В своей работе «теория прибавочного элемента» Малевич сравнивал прибавочные элементы в кубизме, сезанизме и супрематизме как серповидной, волокнистообразной и прямой, рассуждая о том, что в результате разных прибавочных элементов возникают по разному организованные пространства.

«Вся культура может быть истолкована как деятельность организации пространства. В одном случае, это – пространство наших жизненных отношений, и тогда соответственная деятельность называется техникой. В других случаях, это - пространство мыслимое, мысленная модель действительности, а его организации называют наукой и философией. Наконец, третий разряд случаев лежит между первыми двумя. Пространство или пространства его наглядны, как пространства техники, и не допускают жизненного вмешательства – как пространства науки и философии. Организация таких пространств называется искусством» [7]. Любой художник хочет он этого или нет, занимается организацией пространства. Только не все занимаются этим осознанно. Мы не можем сказать, что Малевич легкомысленно относился к этому вопросу. Напротив, преидавал пространству огромное значение.

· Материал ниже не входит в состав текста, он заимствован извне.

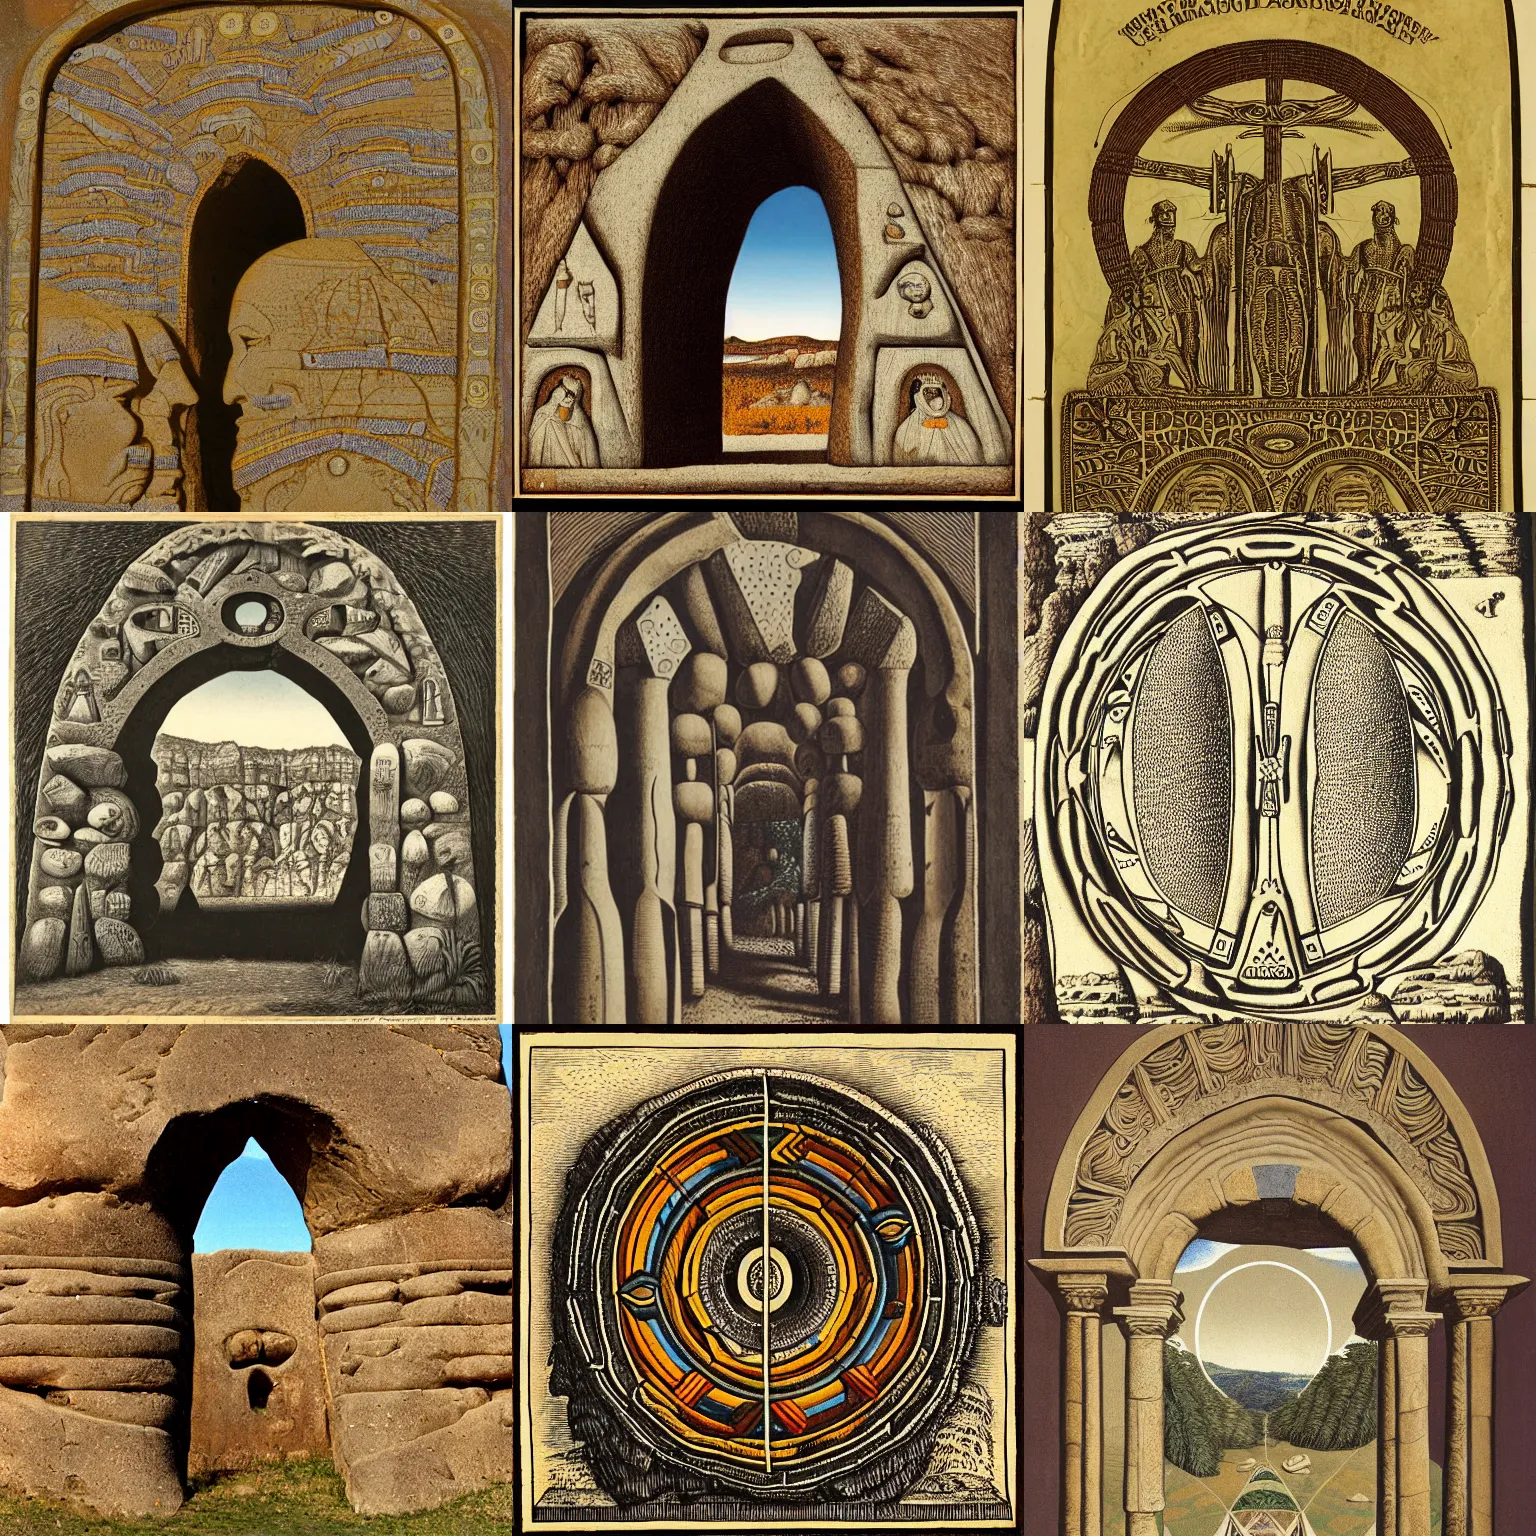 Prompt: a spiritual selknam stone arch, engraving by gustav dure, aboriginal, symmetrically centered, close shot
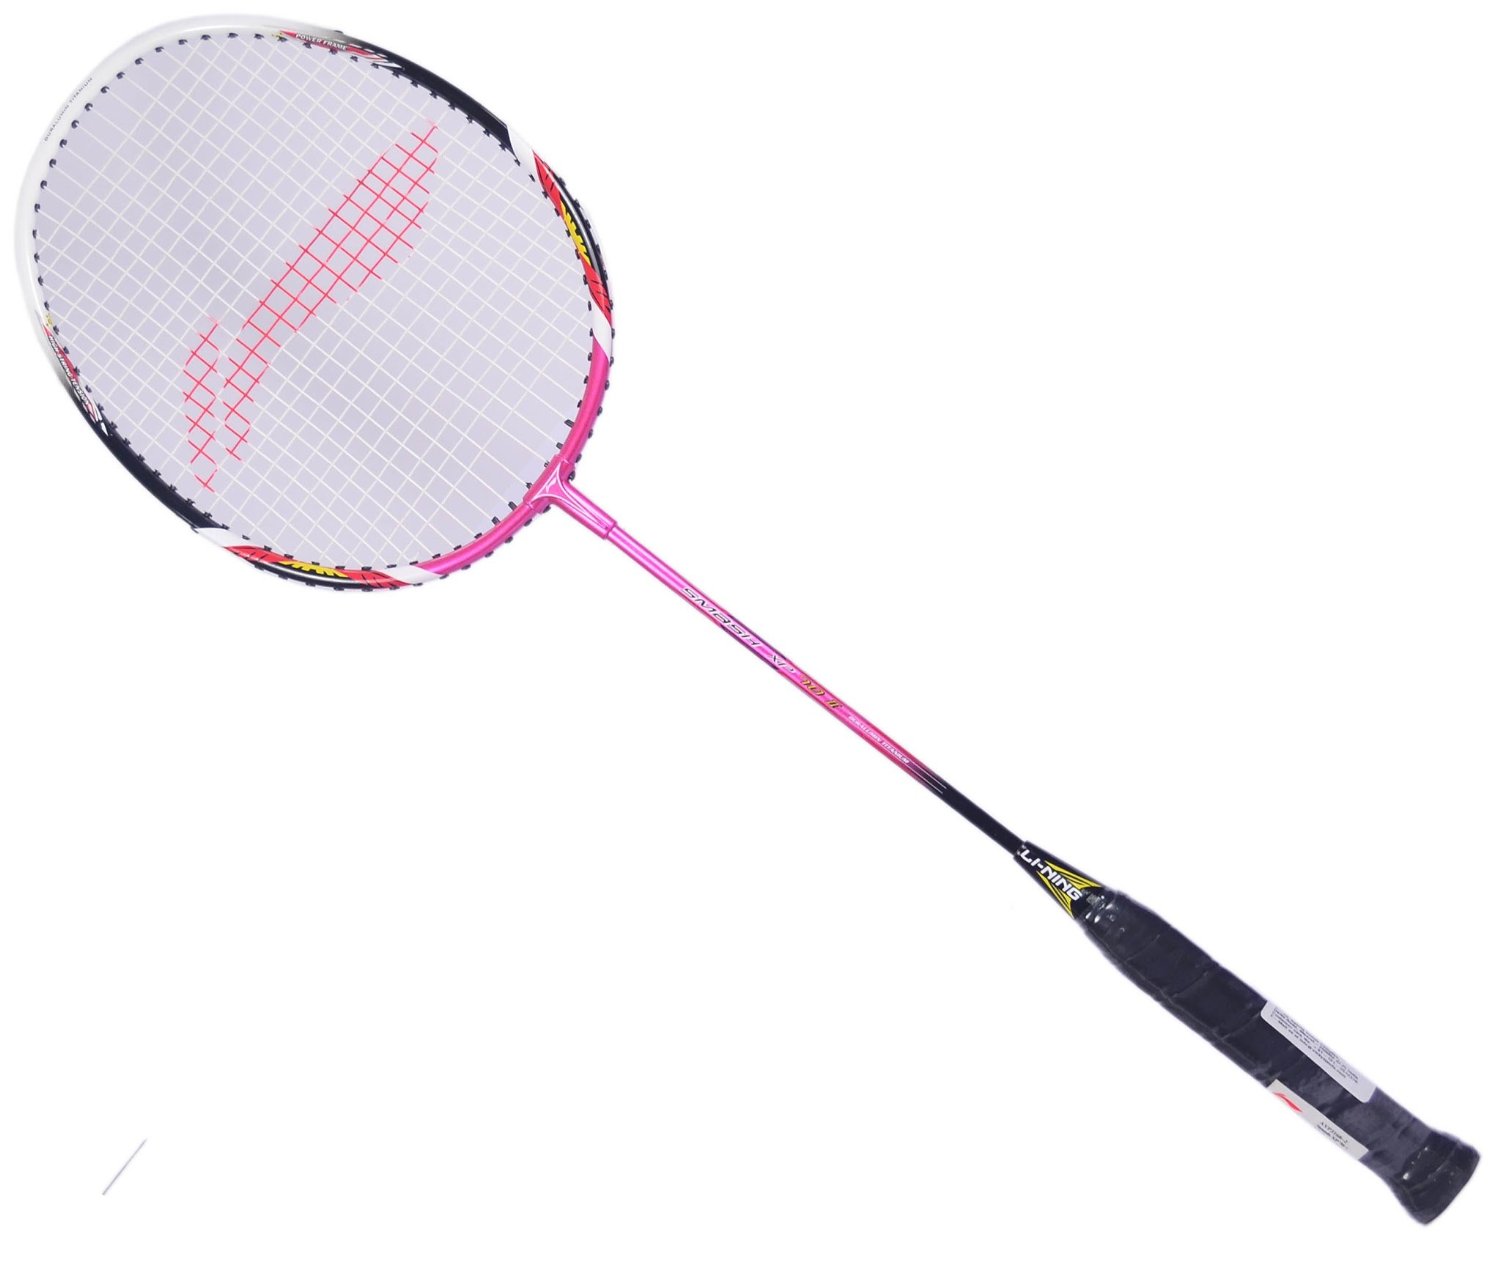 Buy Li Ning Smash Xp 70 Ii Badminton Racquet At Lowest Price Online ₹1290 From Shopclues

«Тщетно, художник, ты мнишь, что своих ты творений создатель,

Вечно носились они над землею, незримые оку…

Много в пространстве невидимых форм и неслышимых звуков,

Много чудесных в нем сочетаний и слова и света,

Но передаст их лишь тот, кто умеет, и видеть и слышать» [8].

Безусловно, сердце, а точнее, душа является «проводником» создания тех пространств, и их образов которые человек не способен до конца понять и постичь. Иконописцы не случайно приступают к написанию икон только после чтения специальных молитв, а, зачастую, и готовятся к написанию иконы не только молитвой, но и постом. Именно внутреннее состояние художника состояние души определяет весь строй картины, определяет передаваемые пространства и их глубину. Для Малевича это было принципиально. Он создавал не геометрические формы, а новую вселенную, преобразованную супрематизмом.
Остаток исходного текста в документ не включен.